Robust fundamental frequency estimation in sustained vowels: Detailed algorithmic comparisons and information fusion with adaptive Kalman filtering

Athanasios Tsanas*, Matias Zanartu, Max A. Little, Cynthia Fox, Lorraine O. Ramig, Gari D. Clifford

*Corresponding author for this work

Research output: Contribution to journalArticlepeer-review

Abstract / Description of output

There has been consistent interest among speech signal processing researchers in the accurate estimation of the fundamental frequency (F-0) of speech signals. This study examines ten F-0 estimation algorithms (some well-established and some proposed more recently) to determine which of these algorithms is, on average, better able to estimate F-0 in the sustained vowel /a/. Moreover, a robust method for adaptively weighting the estimates of individual F-0 estimation algorithms based on quality and performance measures is proposed, using an adaptive Kalman filter (KF) framework. The accuracy of the algorithms is validated using (a) a database of 117 synthetic realistic phonations obtained using a sophisticated physiological model of speech production and (b) a database of 65 recordings of human phonations where the glottal cycles are calculated from electroglottograph signals.
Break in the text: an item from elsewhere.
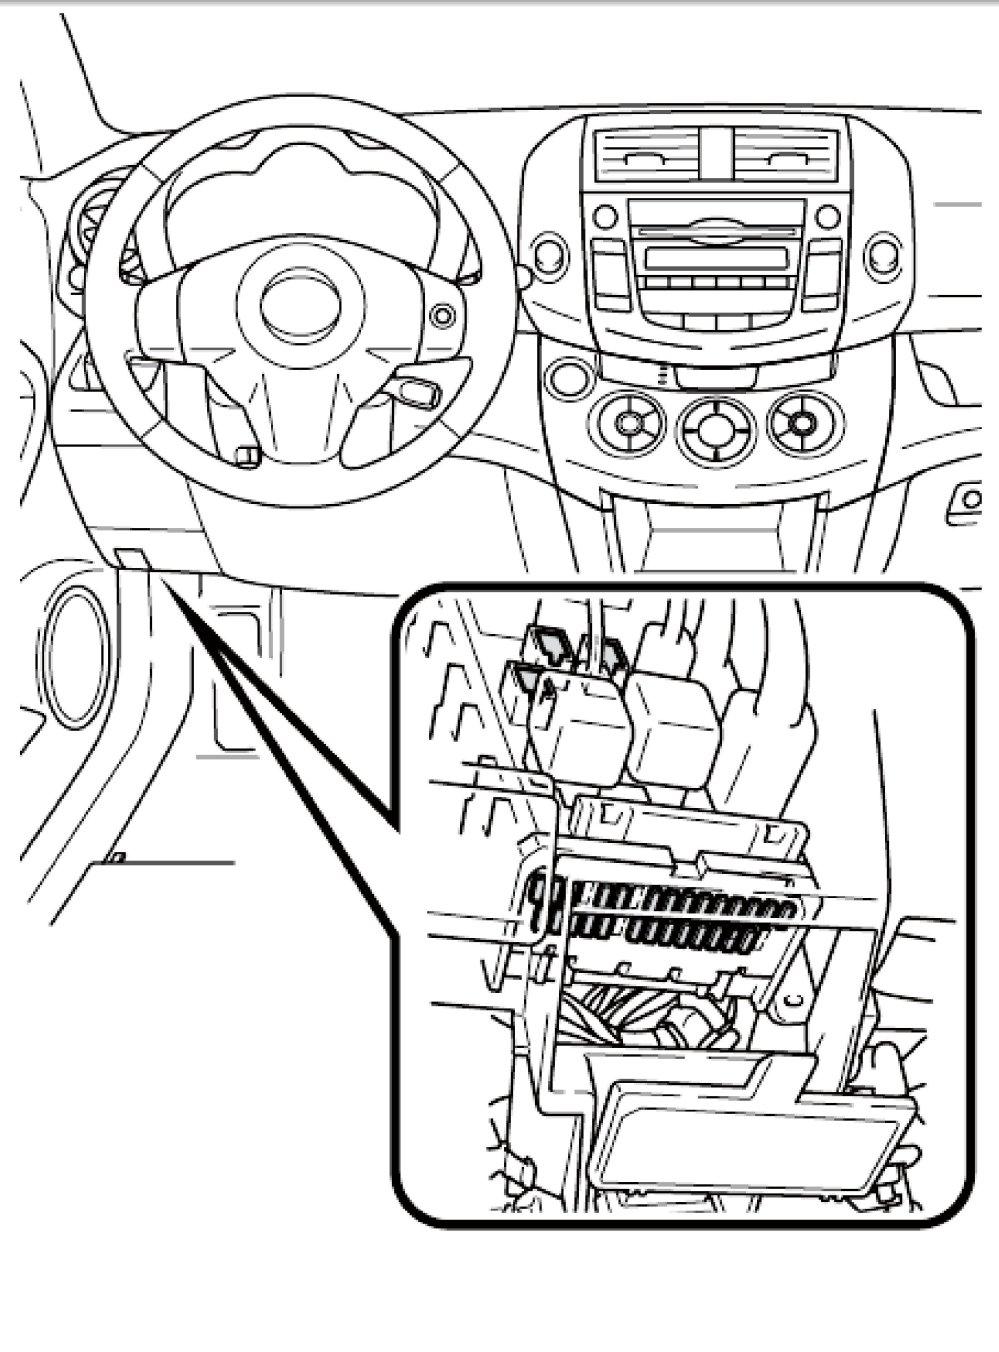 medium resolution of 1996 oldsmobile 88 fuse box location 15 10 fearless wonder de u2022oldsmobile 88 fuse box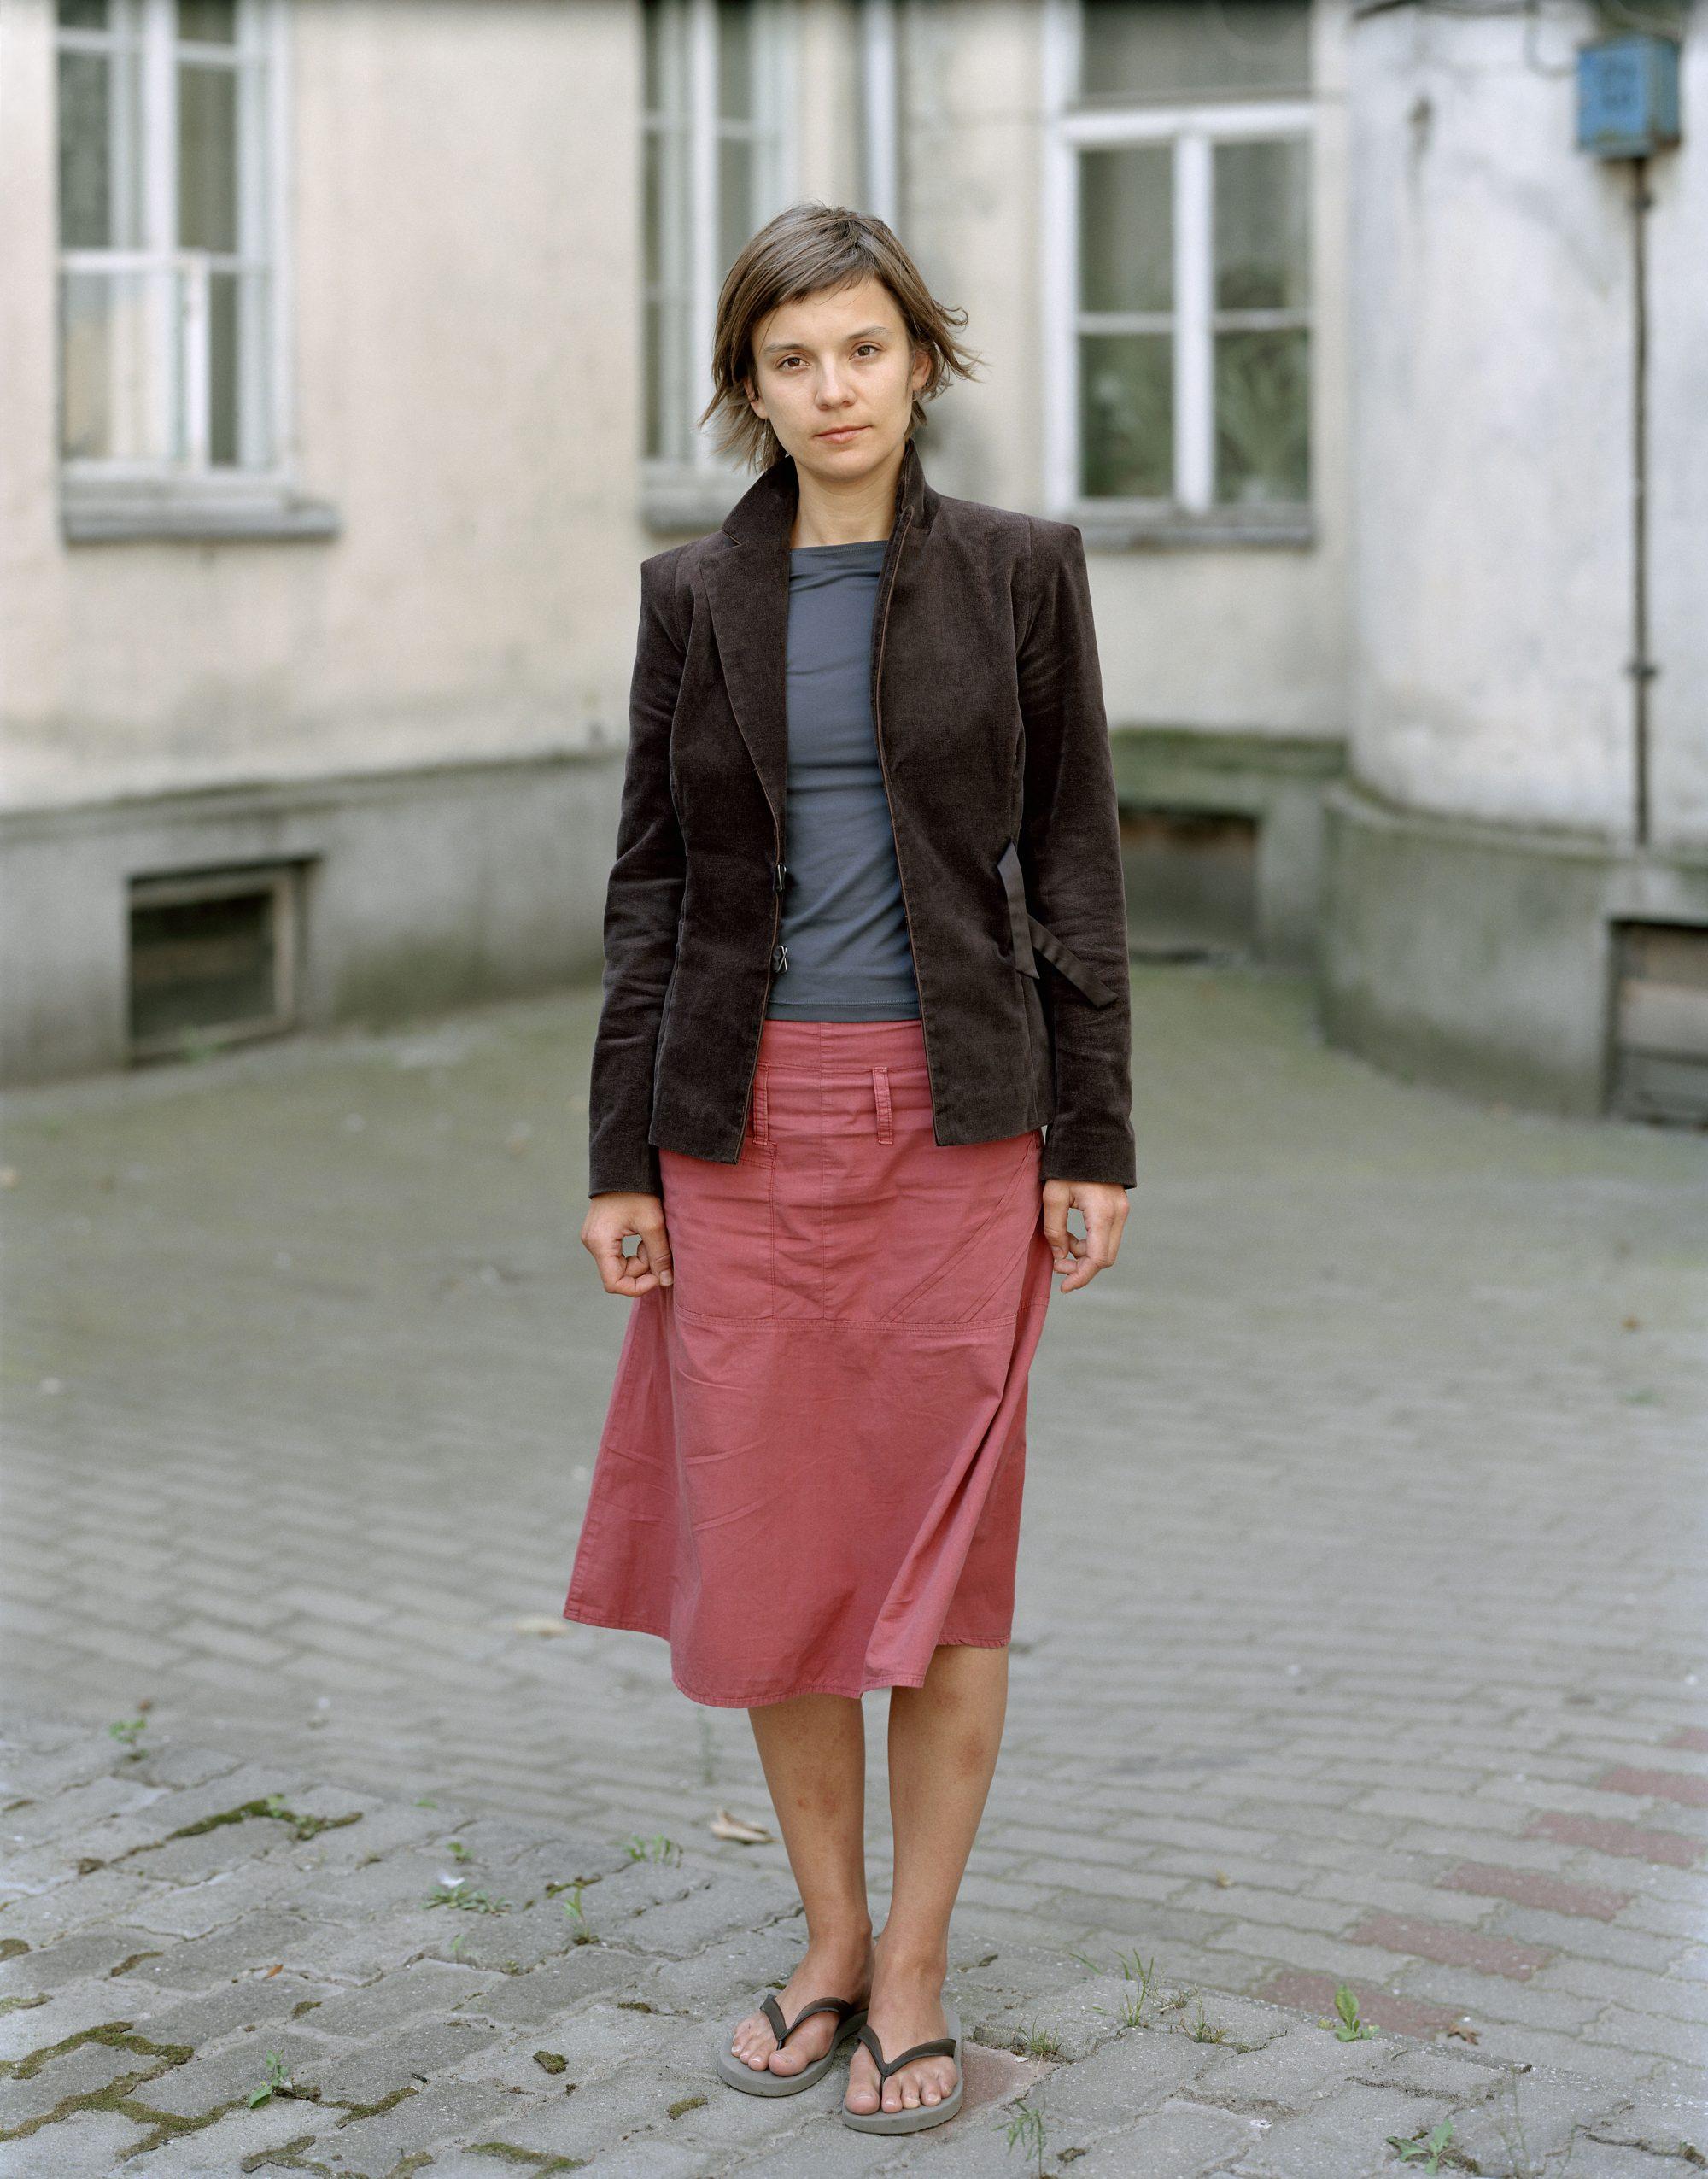 Magda. Warsaw, Poland. September 2004 © Mark Power/ Magnum Photos

On average, the sawtooth waveform inspired pitch estimator and the nearly defect-free algorithms provided the best individual F-0 estimates, and the proposed KF approach resulted in a similar to 16% improvement in accuracy over the best single F-0 estimation algorithm. These findings may be useful in speech signal processing applications where sustained vowels are used to assess vocal quality, when very accurate F-0 estimation is required. (C) 2014 Acoustical Society of America.

Original languageEnglish
Pages (from-to)2885-2901
Number of pages17
JournalThe Journal of the Acoustical Society of America
Volume135
Issue number5
DOIs
Publication statusPublished - 9 May 2014

Keywords / Materials (for Non-textual outputs)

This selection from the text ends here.